Currently, game design more closely resembles alchemy than chemistry. Like alchemists, game designers often use a "guess and check" approach when designing games. The designers take a "best guess" at preliminary game play, game art, and story, which are then "checked" by publishers, other designers, beta tests, and play tests. Based on feedback, the game is then tweaked until it seems "right" or time and money run out.

As in alchemy, this guess and check approach makes it difficult for the designer to nail down, at a fundamental level, what caused her game to succeed or fail. She knows what tweaks made the test audience happy, but she is left guessing as to why they worked.

The chemist, on the other hand, approaches her problem by first understanding proven principles and theories, then using these principles to achieve her goal. By using principles, the chemist knows that if her work fails she can research and understand where she violated chemical principles or find a way to modify the principles to explain her failure. Whether she succeeds or fails, she has an understanding why things turned out as they did.

For example, if an alchemist wanted to make gold out of base metals, she would try melting lead and silver together, then, if that approach seemed right, she would continue.

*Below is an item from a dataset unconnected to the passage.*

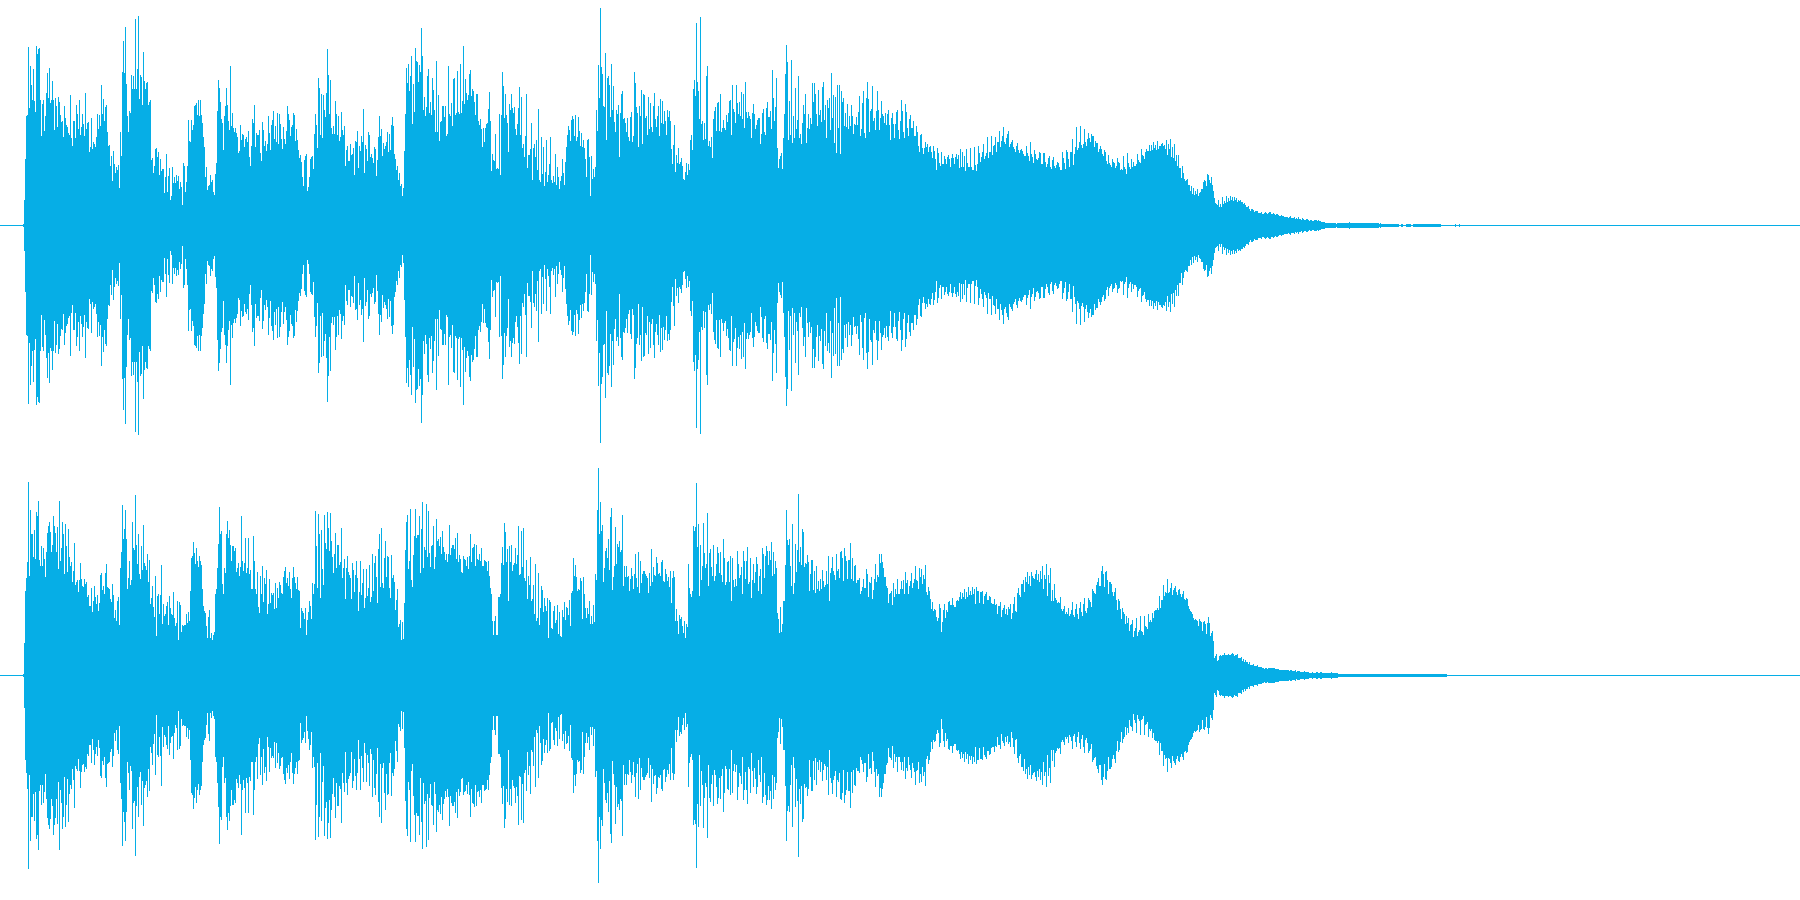 リコーダー、楽しい弾むリズムのジングルの再生済みの波形

A chemist, on the other hand, would understand that gold differs from other metals because of the differing number of protons and electrons. The chemist would then focus on trying to add extra protons and electrons into base metals. The chemist's approach is obviously favorable, as the chemist actually has some basis for her work. The alchemist is merely guessing.

So how does the designer act more like a chemist? Unfortunately, unlike chemists, designers do not have the resources to perform original research in order to discover and isolate underlying game design principles. So the designer must rely on appropriate, existing principles from other fields of study and apply them to game design. Many applicable fields of study are hundreds of years old and can offer tried and true principles to game design. By borrowing principles, game designers can build a concrete foundation of principles to work from and can allow designers to begin to create their own concrete principles specific to game design.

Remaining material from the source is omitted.